When it comes to SLAs and account for hardware failures, it is important to consider network equipment and disk drives. Hardware failures can often be caused by a variety of factors, including physical damage, overheating, and software issues. By having a plan in place for how to deal with these failures, you can help minimize the impact on your business.

One way to prepare for hardware failures is to have a redundancy and a backup plan for your equipment. This way, if one piece of equipment fails, you can quickly switch to another while still running. The work of a cloud business with a 5 9s SLA is to statistically predict disk drive failures overall and plan redundancy and recover procedures. This way, if a drive fails, you actually never know there’s a problem.

::: danger Failure Stack

  • Application Bugs
  • Service problem
  • DB Disk Full
  • NIC Fails
  • Network fails
  • Misconfiguration of infrastructure or networks :::

One way to mitigate the errors that can occur during deployment and configuration is to test thoroughly before making any changes. This can be done by creating staging or lower environments that are identical to the production environment and testing all changes in it before deploying them to production. Canary deployments are another way to mitigate errors. With canary deployments, changes are first deployed to a small subset of users before being rolled out to the entire user base. This allows for any errors to be detected and fixed before they impact the entire user base. Regression testing can also be used to mitigate errors. This is where changes are tested not only in the staging environment, but also in the production environment.

Continuous deployment and continuous verification are two key concepts in minimizing downtime for deployments. By continuously deploying code changes and verifying them before they go live, we can ensure that only working code is deployed and that any issues are caught early. This minimizes the amount of time that our systems are down and keeps our users happy.

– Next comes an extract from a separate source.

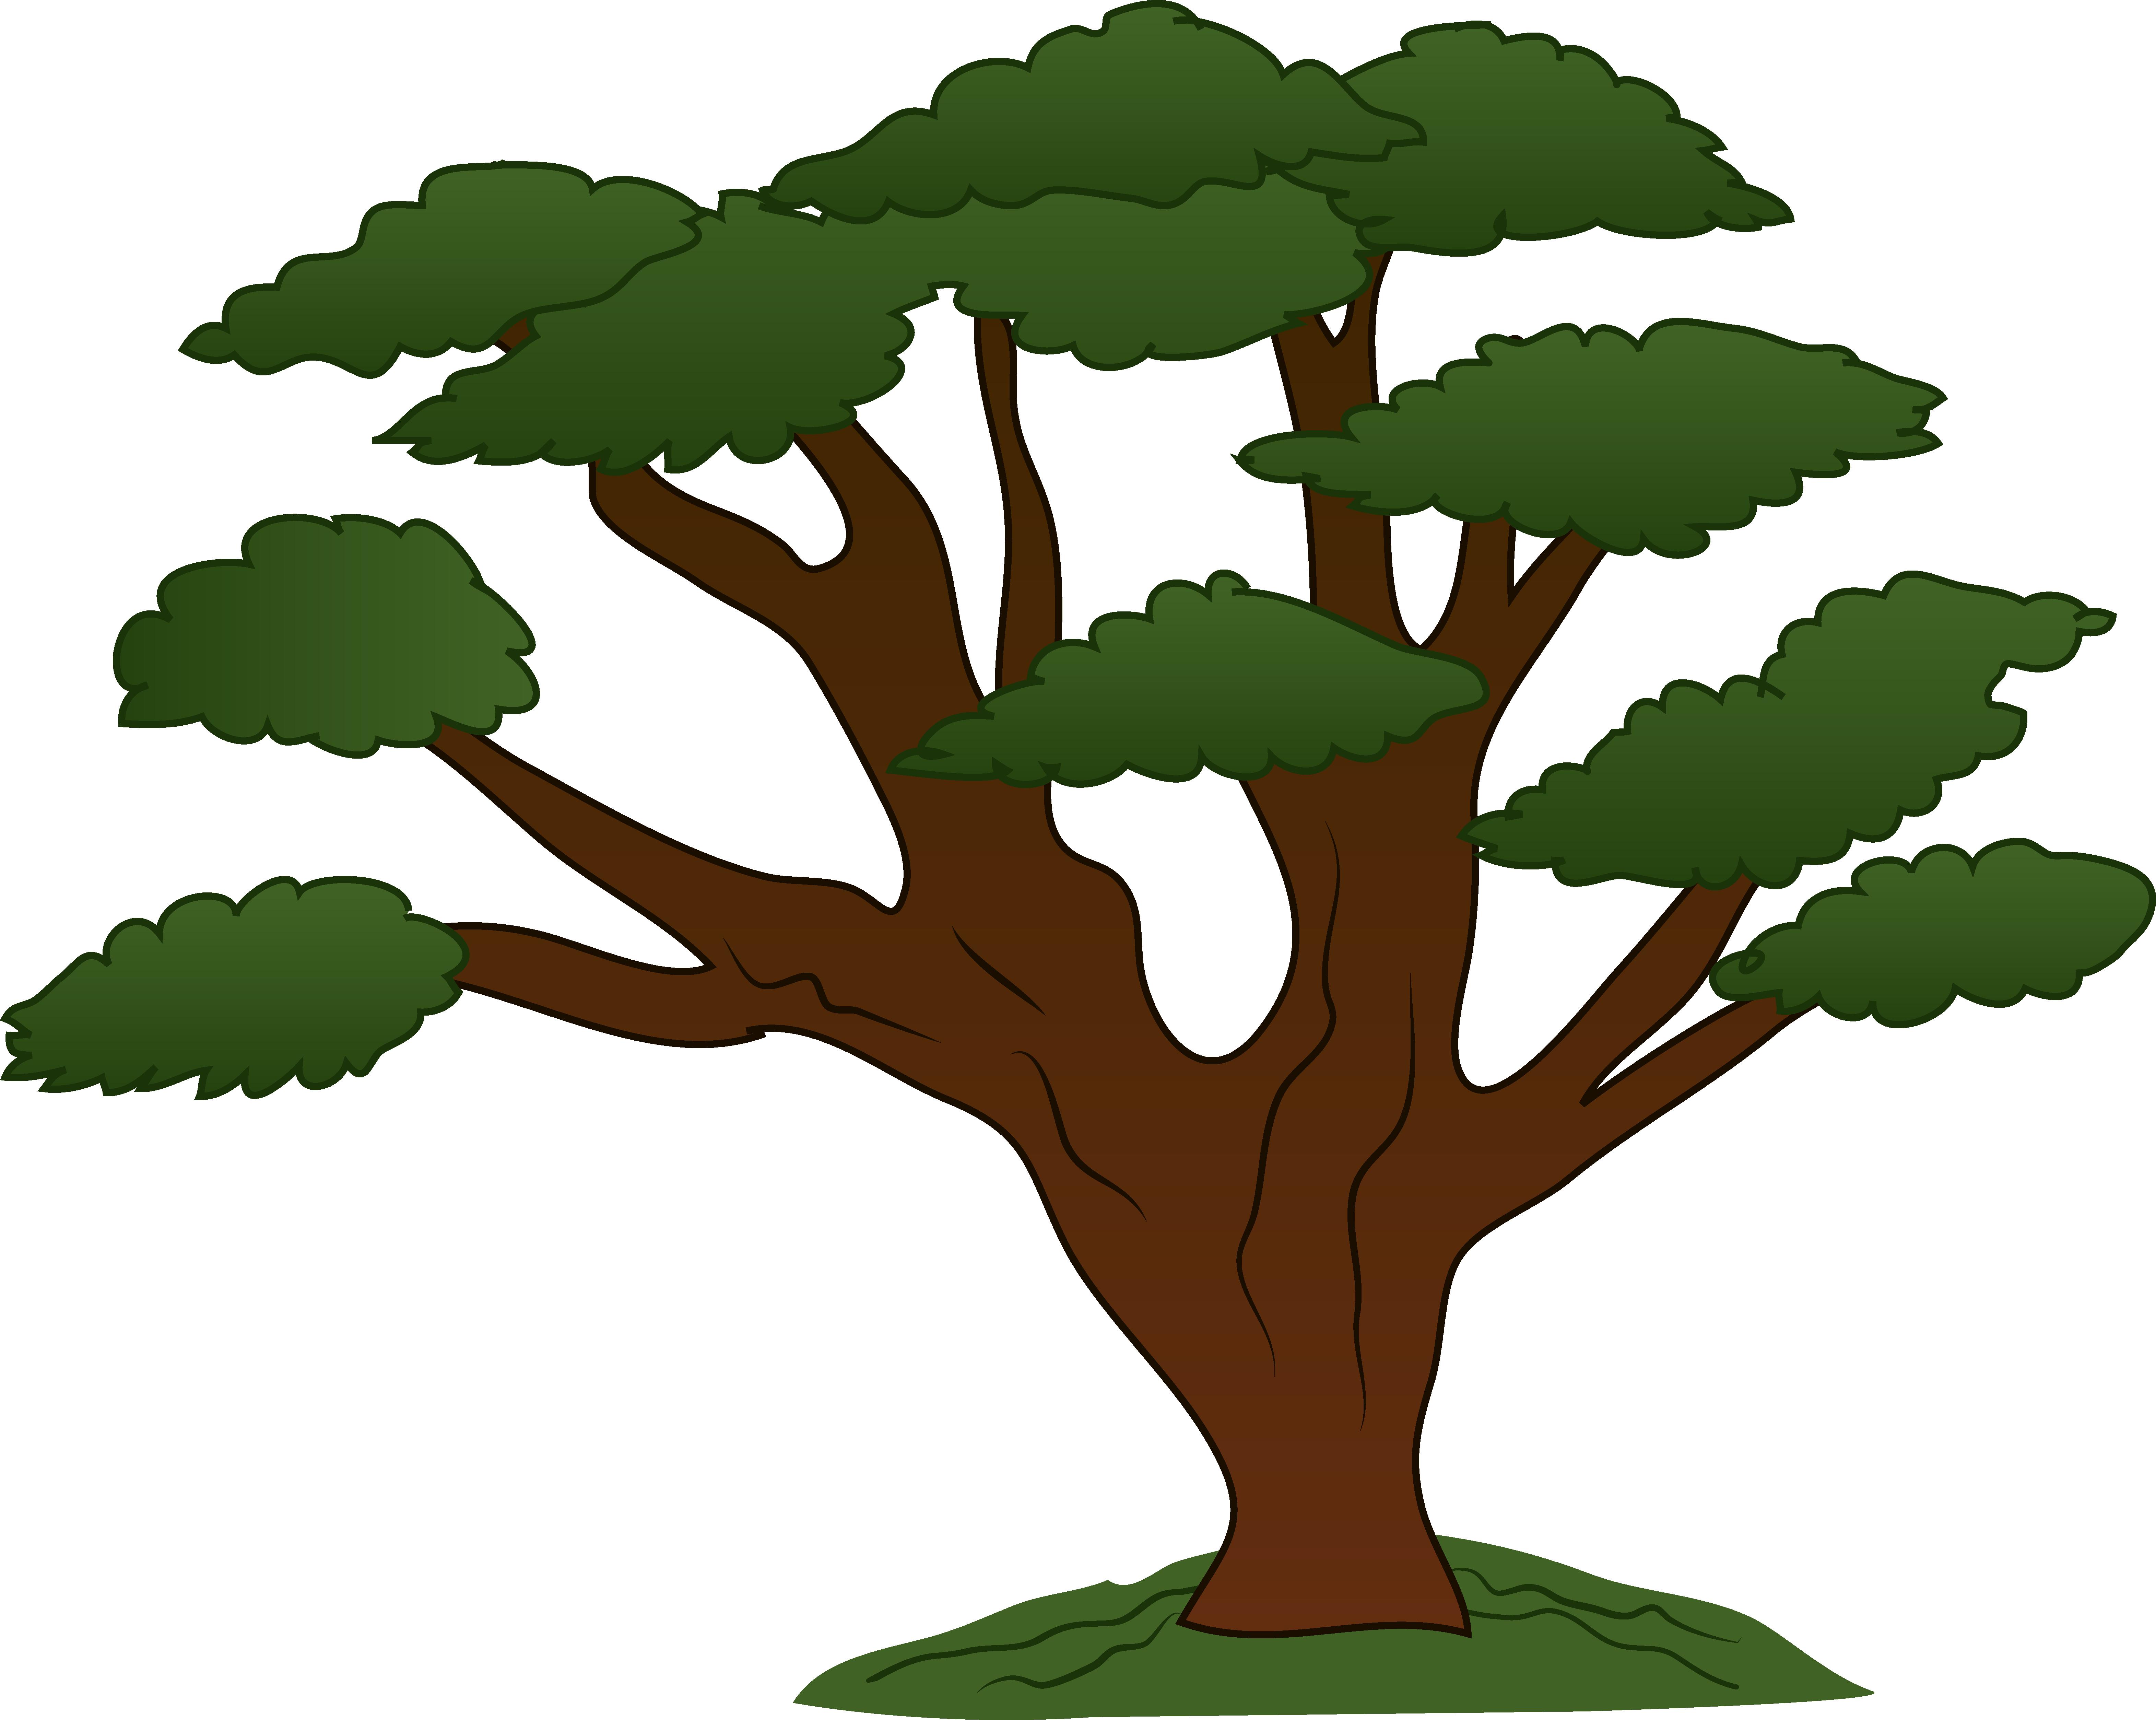 Tree Clip Art Oak Tree Clip Art Design Clip Art Tree Cartoon Images Clip Art Vintage

Google Compute Engine is the underlying provider of the following services:

  • GCE VMs
  • GKE Masters and Worker Nodes
  • App Engine Applications
  • Cloud Functions

The process of meeting your availability needs using each of these services is slightly different for each one.

On the lowest level, much of the servers at Google have levels of redundancy. If a server fails for hardware issues, others are there for failing over to while others are booted up to replace redundancy.

Google also live migrates VMs to other hypervisors like it does when power or networks systems fail or during maintenance activities which have a real impact on hypervisors.

::: warning Live Migration

Live migration isn’t supported for the following VMs:

  • Confidential VMs
  • GPU Attached VMs
  • Cloud TPUs
  • Preemptible VMs
  • Spot VMs

:::

Managed Instance Groups(MIGs) create groups or clusters of virtual machines which exist together as instances of the same VM template.

Instance Templates A VM template looks like this:

Terminal window
POST https://compute.googleapis.com/compute/v1/projects/PROJECT_ID/global/instanceTemplates

Here is what you’re posting before you make replacements:

{
"name": "INSTANCE_TEMPLATE_NAME"
"properties": {
"machineType": "zones/ZONE/machineTypes/MACHINE_TYPE",
"networkInterfaces": [
{
"network": "global/networks/default",
"accessConfigs":
[
{
"name": "external-IP",
"type": "ONE_TO_ONE_NAT"
}
]
}
],
"disks":
[
{
"type": "PERSISTENT",
"boot": true,
"mode": "READ_WRITE",
"initializeParams":
{
"sourceImage": "projects/IMAGE_PROJECT/global/images/IMAGE"
}
}
]
}
}

Or with gcloud

Terminal window
gcloud compute instance-templates create example-template-custom \
--machine-type=e2-standard-4 \
--image-family=debian-10 \
--image-project=debian-cloud \
--boot-disk-size=250GB

And then instantiate the instance template into a group.

Terminal window
gcloud compute instance-groups managed create INSTANCE_GROUP_NAME \
--size SIZE \
--template INSTANCE_TEMPLATE \
--zone ZONE

What makes it work well is that when a VM fails in the group, it is deleted and a new one created. This ensures the availability of the group.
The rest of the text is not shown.